Cadila Healthcare June Quarter Result And Conference Call Update
DSIJ Intelligence / 06 Aug 2012
Ahmadabad based Pharma Company, Cadila Healthcare has posted 30 per cent rise in its top line to Rs 1546 crore. Total income rose by 28 per cent to Rs 1594 crore. Due to the sharp rupee depreciation, higher tax charges and increased interest payments, the net profit declined by 14 per cent to Rs 201 crore. We however believe that it has posted very good numbers indicating that it is well on path to achieve the guided USD 3 billion sales in next 3-4 years.
On the business front, the growth has been good across all the segments. Domestic revenues were up 27 per cent to Rs 581 crore. Company, during the quarter launched 37 new products. In the last fiscal Cadila acquired Pharma Company Biochem. This also pushed the domestic revenues up. Excluding the Biochem numbers, the domestic growth has been 16 per cent.

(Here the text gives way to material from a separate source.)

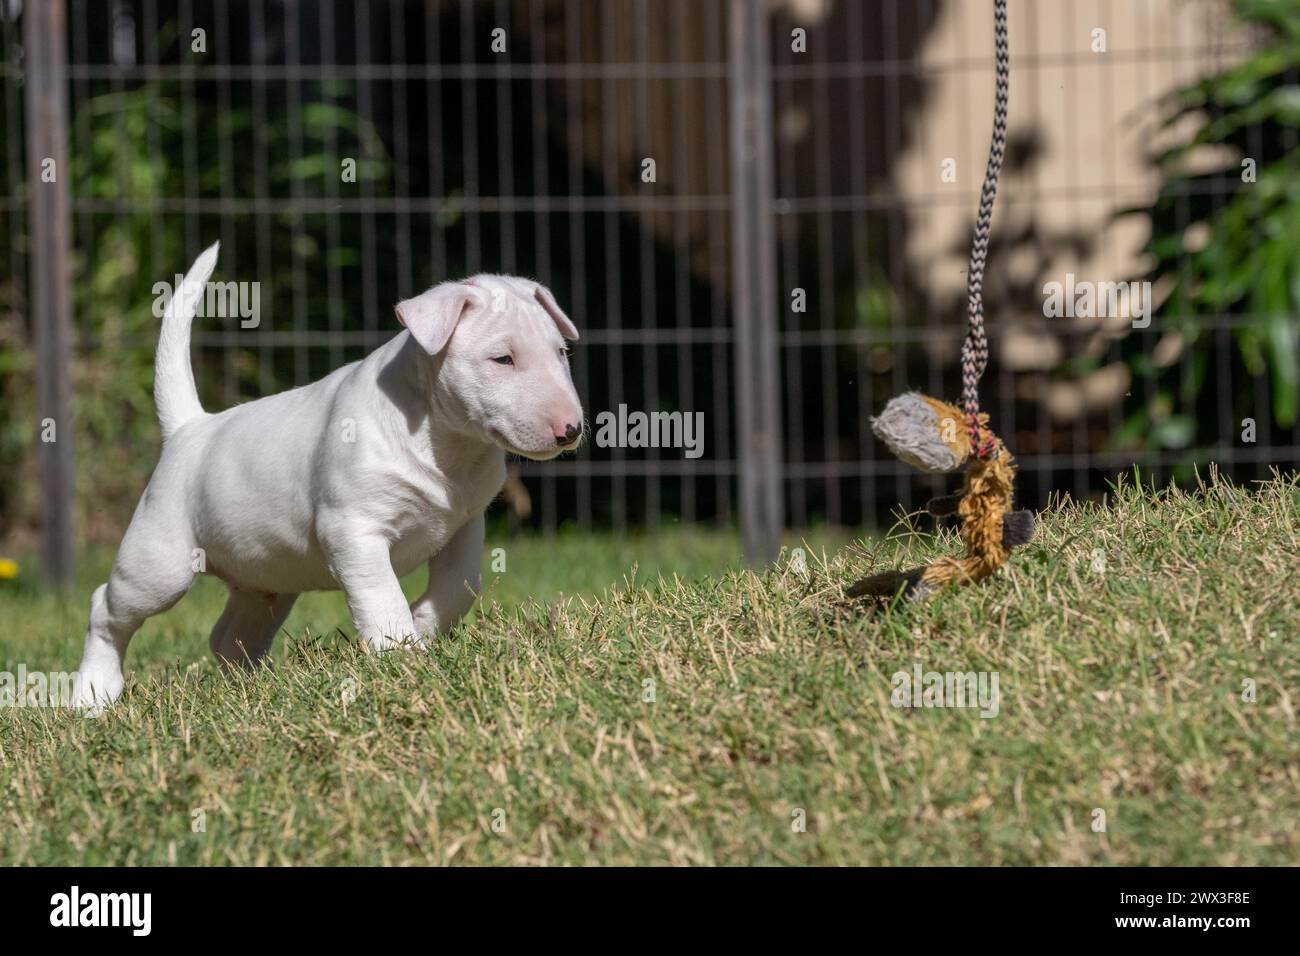 Cucciolo Bull terrier che gioca con un giocattolo su una corda nel cortile Foto Stock

The US market grew by 50 per cent to Rs 359 crore. In Brazil where Indian companies are facing some regulatory pressure in terms of delay in approvals, the growth has been 37 per cent to Rs 64 crore. The emerging markets grew by whooping 84 per cent to Rs 72 crore. Overall all the markets have performed well.
Zydus Cadila, Consolidated June Quarter Results
| Particulars | Q1FY13 | Q1FY12 | Growth |
|---|---|---|---|
| Total Income | 1594.42 | 1245.69 | 28% |
| EBITDA | 345.61 | 302.39 | 14% |
| EBITDA Margins | 23% | 26% |
|
| Depreciation | 43.43 | 34.72 | 25% |
| Other Income | 9.51 | 6.31 | 51% |
| Finance cost | 45.39 | 11.15 | 307% |
| Taxes | 65.37 | 28.54 | 129% |
| Net Profit | 200.93 | 234.29 | -14% |
Cadila’s OTC business, Zydus Wellness posted 13% rise in the revenues to Rs 103 crore . Its net profit was up 60% to Rs 13.5 crore. The Animal Health business posted robust 58 per cent growth to Rs 59 crore on the back of an acquisition in Germany last fiscal.
In the June quarter of last fiscal company had forex gain as well as one time income, excluding which company has posted rise in the EBITDA margins from 21.2 per cent to Rs 22 per cent. Company in this quarter had incurred forex loss of Rs 11.6 crore compared profit of Rs 11.5 crore in the corresponding quarter last fiscal.
Interest expenses during the quarter rose sharply from Rs 11.15 crore to Rs 45.39 crore. The effective tax rate was also up to 24.6 per cent which saw total taxes going up from Rs 28 crore to Rs 65 crore. These two numbers draw the net profit down by 14 per cent to Rs 201 crore.
We also participated in the conference call after the results today. The key takeaways after the call are as follows.- Company expects to file about 10 products in US this year. The approvals will flow after the USFDA approval of Moraiya facility.
- The tax rate during the full year will remain in the range of 22-24 per cent.
- The margins in Biochem have risen but company has not disclosed it. It also expects the margin expansion going ahead in this year.
- Management is also expecting 100 basis pints rise in the EBITDA margins of overall business on consolidated level
- The competition in OTC segment is strong but Zydus Wellness is adapting to the competition and is on path of recovery.
- Company is also reviewing its Hedging policy; currently it has a position of USD 80 million hedges expiring by end of this calendar year.
- Debt to equity ratio is at 0.7x which is well above its comfortable level of 0.5x. Company has said that it will not raise more debt. In case it goes for acquisition then it will use other means of financing. Equity dilution will be the last preferred option in that case.
- We understand that company will monetize some products from its First To File portfolio.
- It also expects to add more products in its Joint Ventures with Bayer and Hospira.
With the high confidence the management has, we see that the growth story will continue. We have already covered this company in our magazine with a ‘Buy’ call on it. We reiterate the same and advice our readers to buy the stock on every dip.